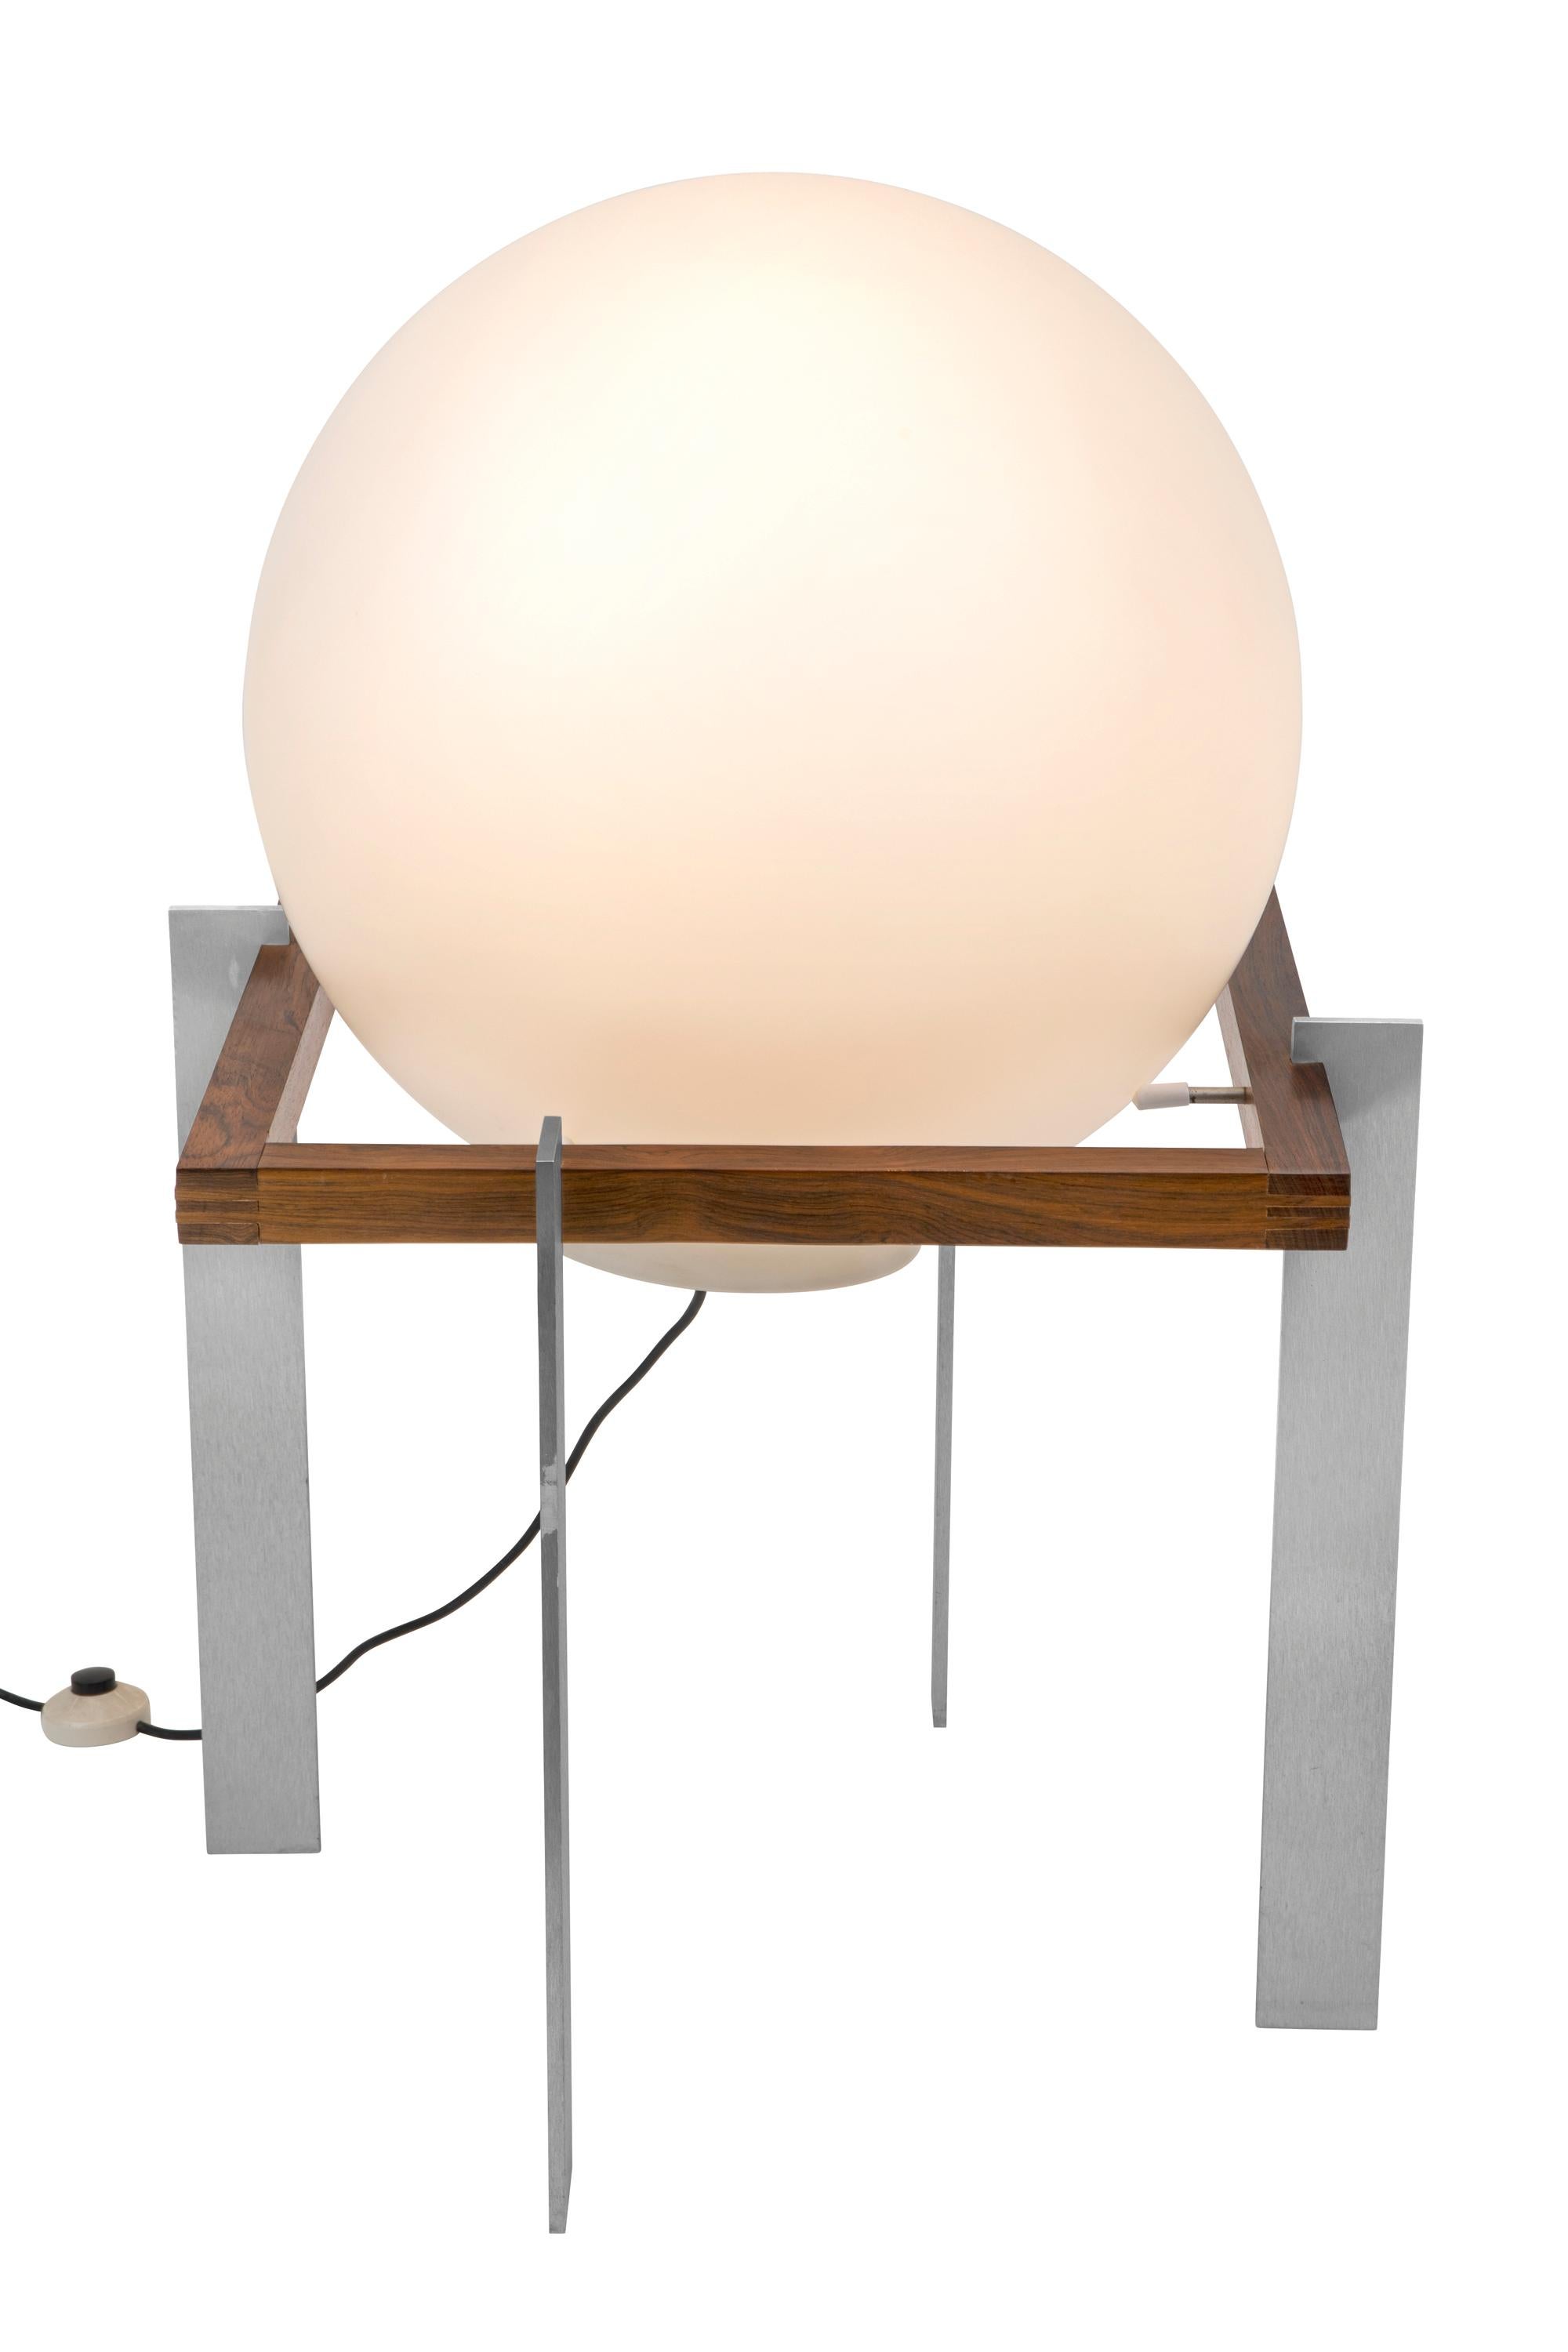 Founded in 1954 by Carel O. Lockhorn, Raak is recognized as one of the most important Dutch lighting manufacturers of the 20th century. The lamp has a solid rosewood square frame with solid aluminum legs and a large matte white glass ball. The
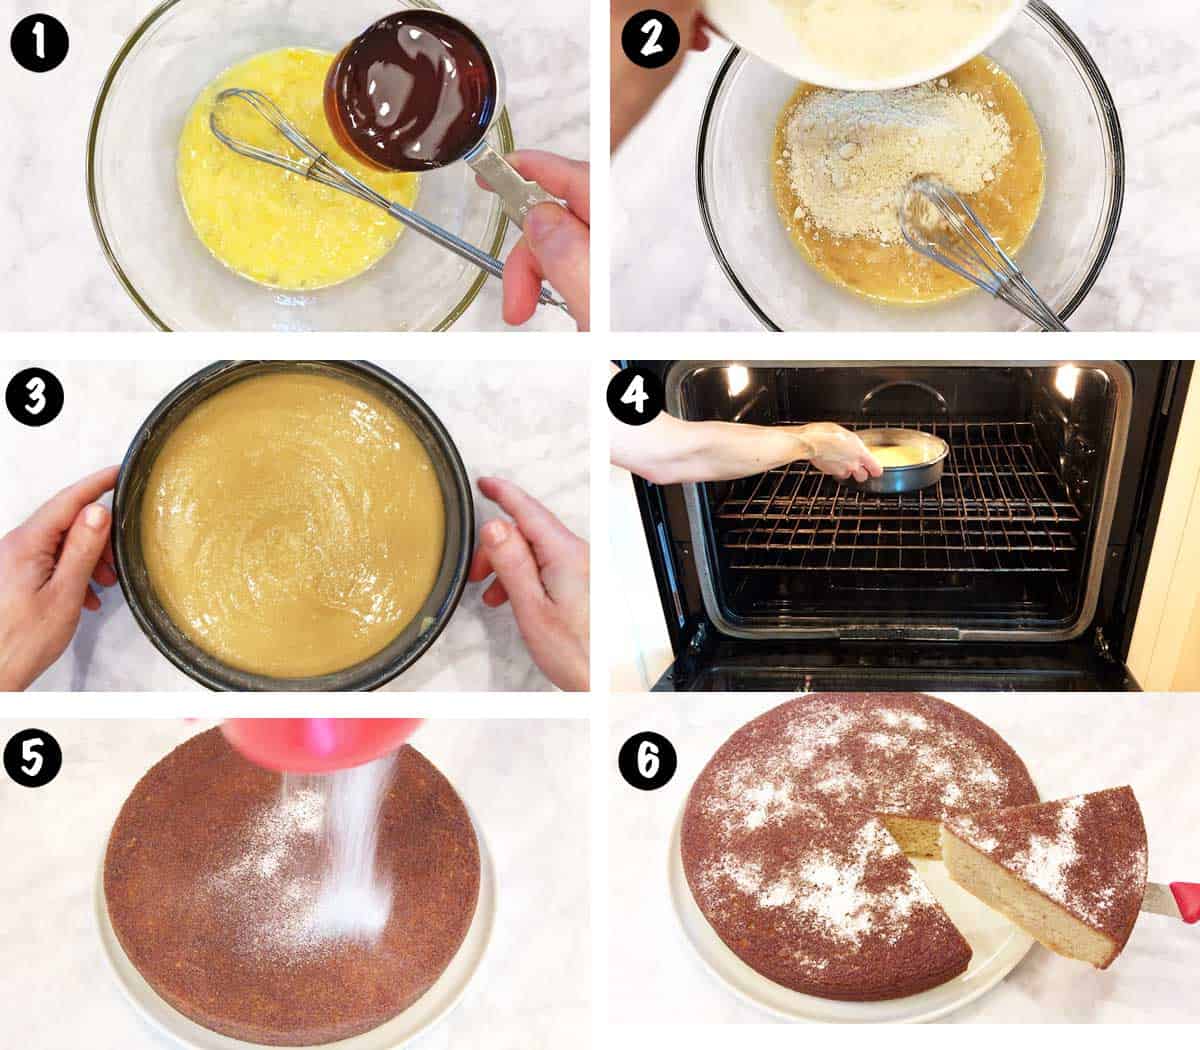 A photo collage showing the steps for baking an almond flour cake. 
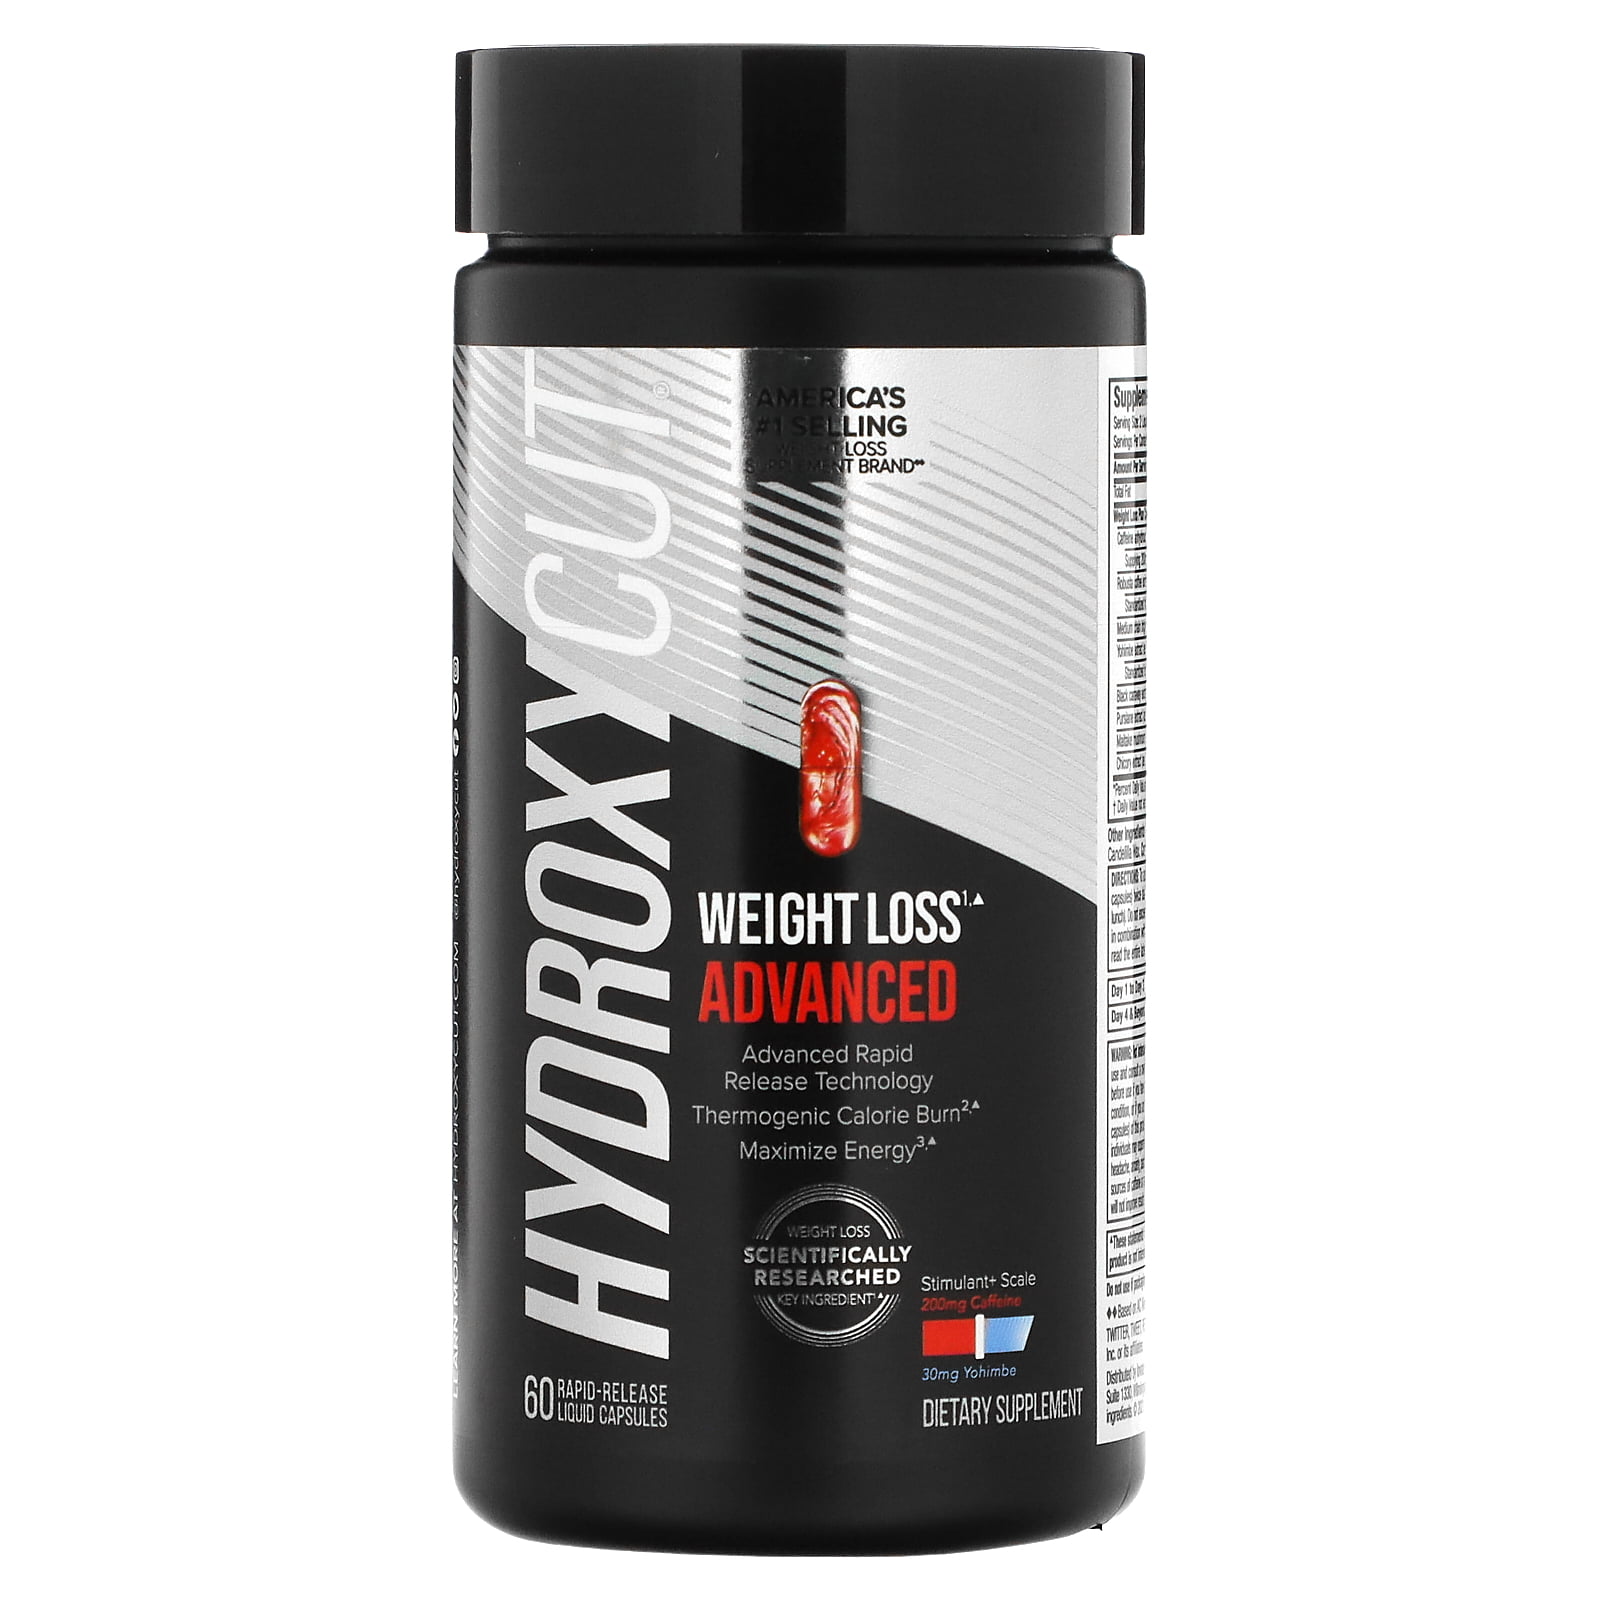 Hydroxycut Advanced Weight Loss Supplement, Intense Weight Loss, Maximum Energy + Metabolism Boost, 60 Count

------------------------------

-- EXERCISE DIRECTIONS --
Restate all of the material above word for word, excluding the pictures.

-- ANSWER SECTION --
 Founded in 1954 by Carel O. Lockhorn, Raak is recognized as one of the most important Dutch lighting manufacturers of the 20th century. The lamp has a solid rosewood square frame with solid aluminum legs and a large matte white glass ball. The
 A photo collage showing the steps for baking an almond flour cake. 
 Hydroxycut Advanced Weight Loss Supplement, Intense Weight Loss, Maximum Energy + Metabolism Boost, 60 Count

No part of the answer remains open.